On Mon, Nov 23, 2015 at 01:35:11PM +0200, Konstantin Belousov wrote:
> On Sat, Nov 21, 2015 at 06:45:42PM -0800, Mark Johnston wrote:
> > Hi,
> > 
> > For the past while I've been experimenting with various ways to
> > implement "zero-cost" SDT DTrace probes. Basically, at the moment an SDT
> > probe site expands to this:
> > 
> > if (func_ptr != NULL)
> > 	func_ptr(<probe args>);
> > 
> > When the probe is enabled, func_ptr is set to dtrace_probe(); otherwise
> > it's NULL. With zero-cost probes, the SDT_PROBE macros expand to
> > 
> > func(<probe args>);
> > 
> > When the kernel is running, each probe site has been overwritten with
> > NOPs. When a probe is enabled, one of the NOPs is overwritten with a
> > breakpoint, and the handler uses the PC to figure out which probe fired.
> > This approach has the benefit of incurring less overhead when the probe
> > is not enabled; it's more complicated to implement though, which is why
> > this hasn't already been done.
> > 
> > I have a working implementation of this for amd64 and i386[1]. Before
> > adding support for the other arches, I'd like to get some idea as to
> > whether the approach described below is sound and acceptable.
> > 
> > The main difficulty is in figuring out where the probe sites actually
> > are once the kernel is running. In my patch, a probe site is a call to
> > an externally-defined function which is defined in an
> > automatically-generated C file. At link time, we first perform a partial
> > link of all the kernel's object files. Then, a script uses the relocations
> > against the still-undefined probe functions to generate
> > 1) stub functions for the probes, so that the kernel can actually be
> >    linked, and
> > 2) a linker set containing the offsets of each probe site relative to
> >    the beginning of the text section.
> > The result is linked with the partially-linked kernel to generate the
> > final kernel file.
> > 
> > During boot, we iterate over the linker set, using the offsets plus the
> > address of btext to overwrite probe sites with NOPs. SDT probes in kernel
> > modules are handled differently (and more simply): the kernel linker just
> > has special handling for relocations against symbols named __dtrace_sdt_*;
> > this is how illumos/Solaris implements all of this.
> > 
> > My uncertainty revolves around the use of relocations in the
> > partially-linked kernel to determine the address of probe sites in the
> > running kernel. With the GNU ld in base, this happens to work because
> > the final link doesn't modify the text section. Is this something I can
> > rely upon? Will this assumption be false with the advent of lld and LTO?
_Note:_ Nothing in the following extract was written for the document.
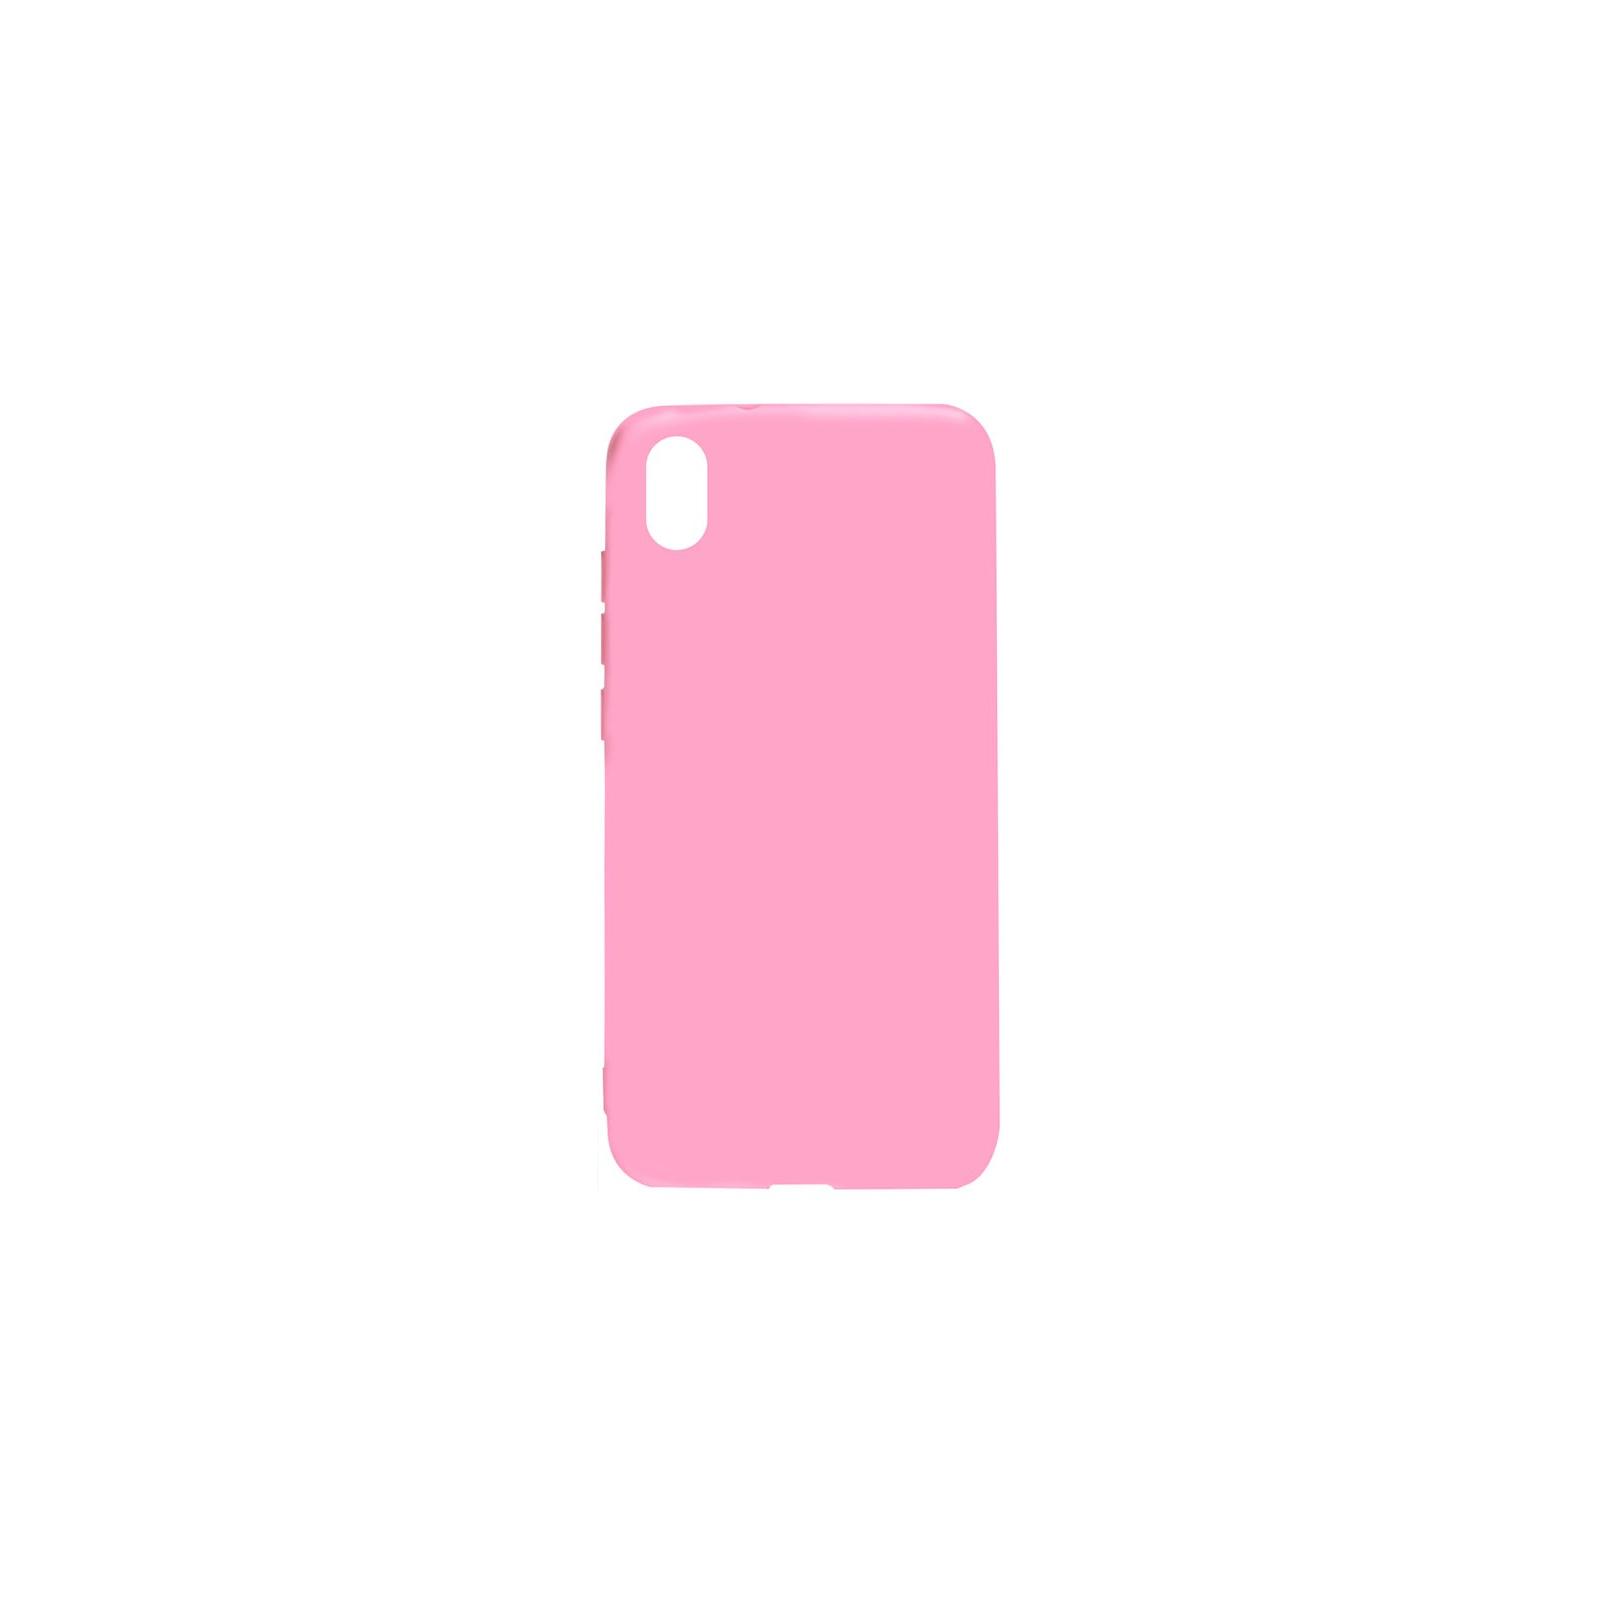 Чехол для моб. телефона Toto 1mm Matt TPU Case Xiaomi Redmi 7A Pink (F_98483)

> > Are there other, cleaner ways to implement what I described above?
> 
> You could consider using a cheap instruction which is conditionally
> converted into the trap, instead. E.g., you could have global page frame
> in KVA allocated, and for the normal operations, keep the page mapped
> with backing by a scratch page. The probe would be a volatile read from
> the page.
> 
> When probes are activated, the page is unmapped, which converts the read
> into the page fault. This is similar to the write barriers implemented
> in some garbare collectors.
> 
> There are two issues with this scheme:
> - The cost of probe is relatively large, even if the low level trap
> handler is further modified to recognize the probes by special
> address access.
> - The arguments passed to the probes should be put into some predefined
> place, e.g. somwhere in the *curthread, since trap handler cannot fetch
> them using the ABI conventions.
> 
> As I mentioned above, this scheme is used by several implementations of
> the language runtimes, but there gc pauses are rare, and slightly larger
> cost of the even stopping the mutator is justified even by negligible
> cost reduction for normal flow. I am not sure if this approach worths
> the complications and overhead for probes.

If I understood correctly, each probe site would require a separate page
in KVA to be able to enable and disable individual probes in the manner
that I described in a previous reply. Today, a kernel with lock inlining
has thousands of probe sites; wouldn't the requirement of allocating KVA
for each of them be prohibitive on 32-bit architectures?